• **RECORD SET**:
'''
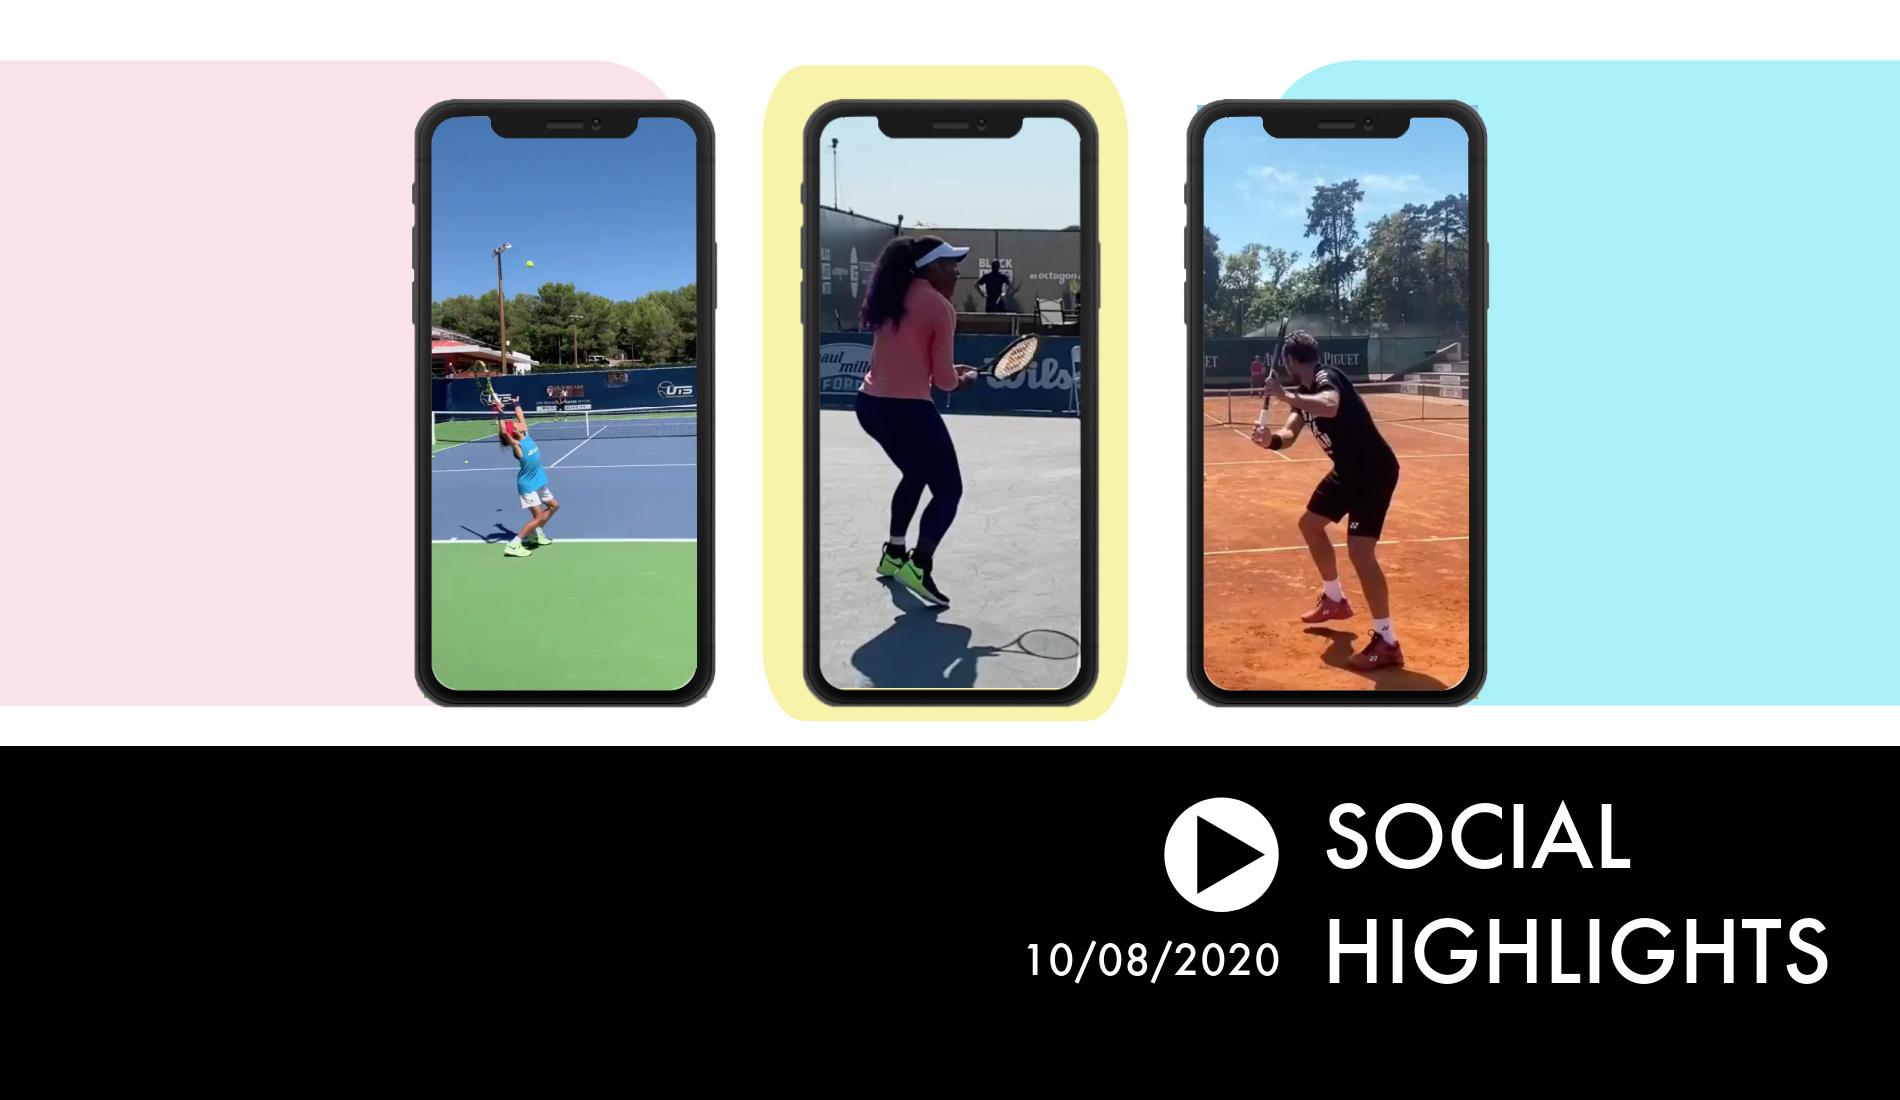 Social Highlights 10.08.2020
'''
'''
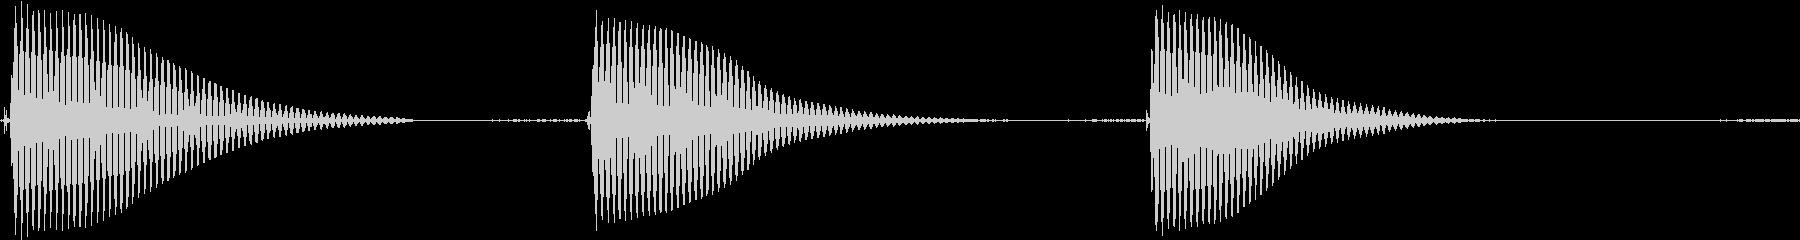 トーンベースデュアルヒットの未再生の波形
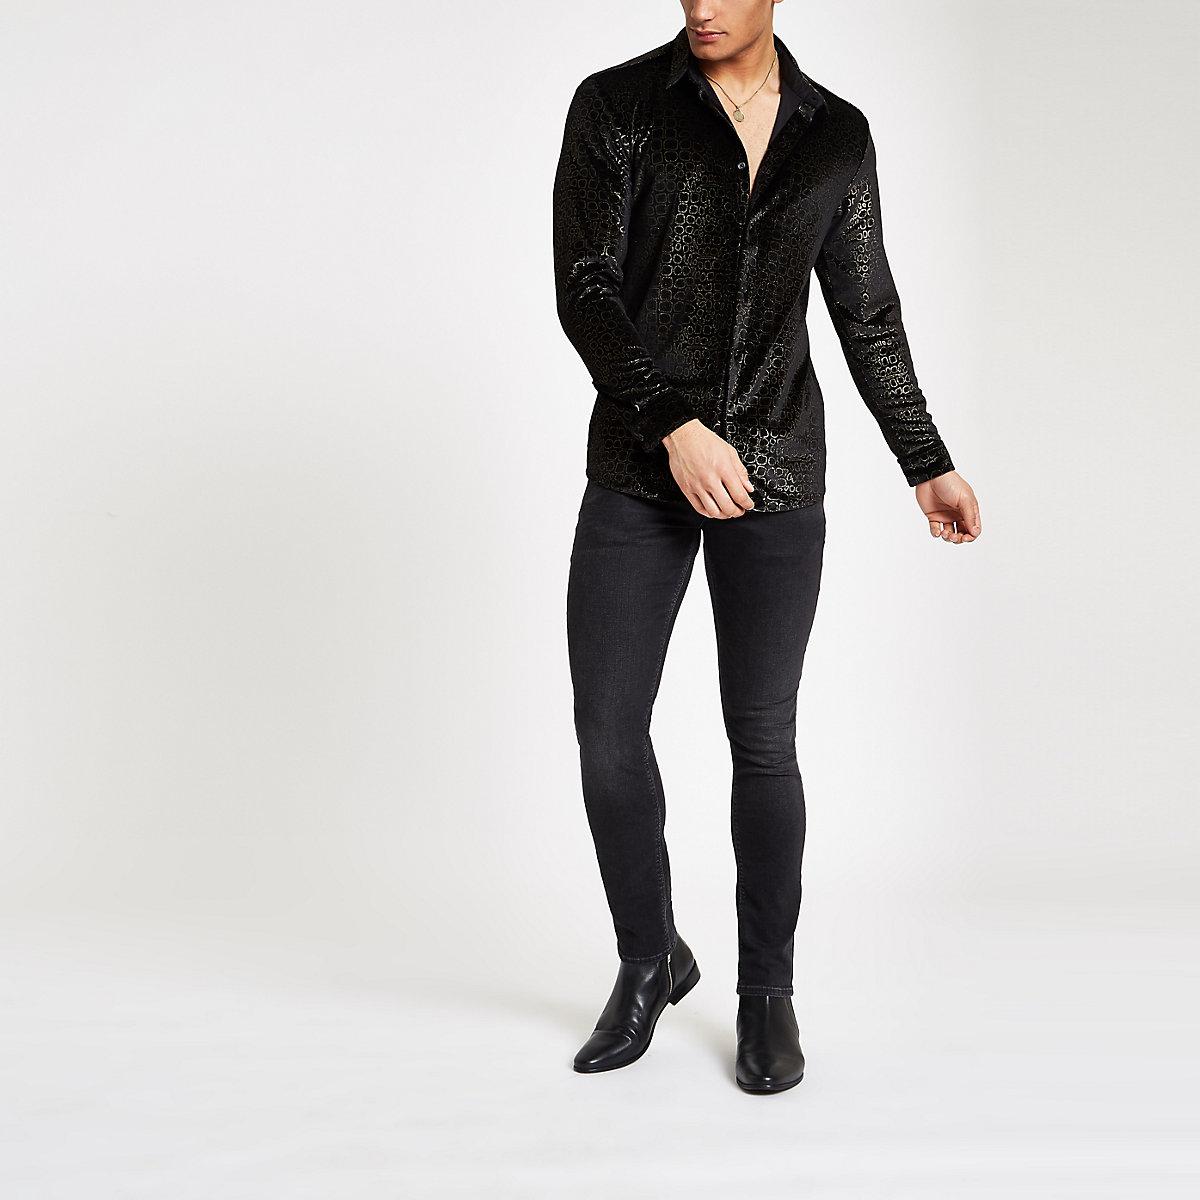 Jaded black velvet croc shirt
'''
• **EXERCISE**: Keep to the stretch from the line containing "トーンベースデュアルヒットの未再生の波形" through the line containing "Jaded black velvet croc shirt", both ends included, and copy it exactly from the listing above, minus the pictures.

• **ANSWER TO THIS PROBLEM**:
 トーンベースデュアルヒットの未再生の波形
 Jaded black velvet croc shirt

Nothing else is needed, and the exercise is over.